When the sun comes up everything is different. The temperatures inside will likely get too hot even in the middle of winter on a very sunny day. Some way of ventilating that heat without introducing a cold draft onto your tender plants is important.

I've grown cilantro in PA overwinter without any heat. I think it is only slowed in growth by frosts. Parsley would probably be similar once you get it started. We have cut parsley in December although regrowth is much slower then. Basil is a different crop. It won't do near as well if you have cool nights. Leaves on established plants may discolor if temperatures drop near 40F. It is a sensative annual.

In my opinion you could grow the cilantro, parsley and a host of other greens and eliminate the expensive heat. Since parsley is a biennial try to isolate it so it won't interfere with other planting practices. I would wait for warmer weather to grow basil.

RE: what's the lowest temp that = rjinga

Here in TN my GH isn't much warmer at night than the outside air by 1 or 2 AM. I grow both cold tolerant and cold sensitive plants so kept the GH at 60F last winter. Cooling it on sunny days was more of a problem than heating it at night. I would open one roof vent and leave the door open an few inches. But then someone would have to be home at sundown to close it up again. :(

The Rion has auto-vents so heat may not be such a winter problem with it - plus it has more fans.

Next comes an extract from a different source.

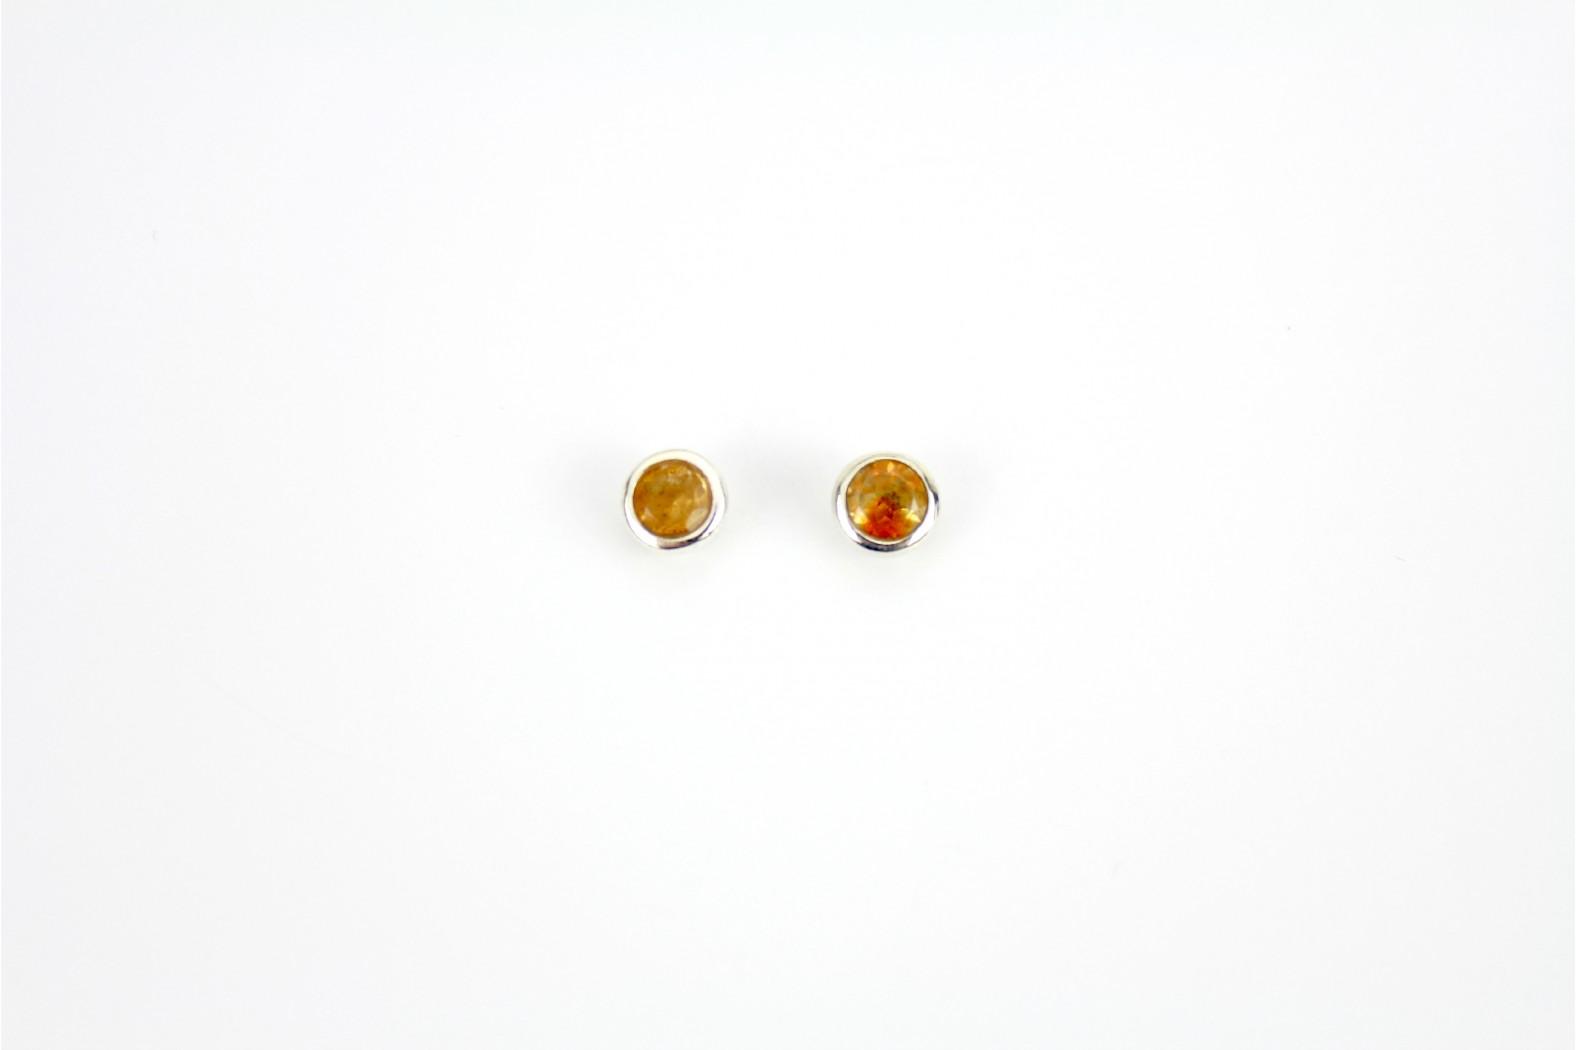 Circular Dark Citrine stud earrings set in circular silver mounting

RE: what's the lowest temp that most veggies/plants can handle

Hi rjinga.Good luck on your new adventure!!I live in North Georgia-and I have a more difficult time keeping the greenhouse cool,than heating it.Mine has a thermostat controled vent fan.In january,when the sun is shining,no matter how cold it is outside,the vent fan comes on about every 10 minutes all day long,to keep the greenhouse down to 85F.Without the electric vent,it would probably get 130F.I use a propane heater(we do lose power because of ice storms here about every other year)-but in south Georgia,You should do fine with an electric heater.I keep my heat set on 50F.Like everyone has said,a few hours after the sun goes down,the inside of the greenhouse is nearly the same temp as outside!!!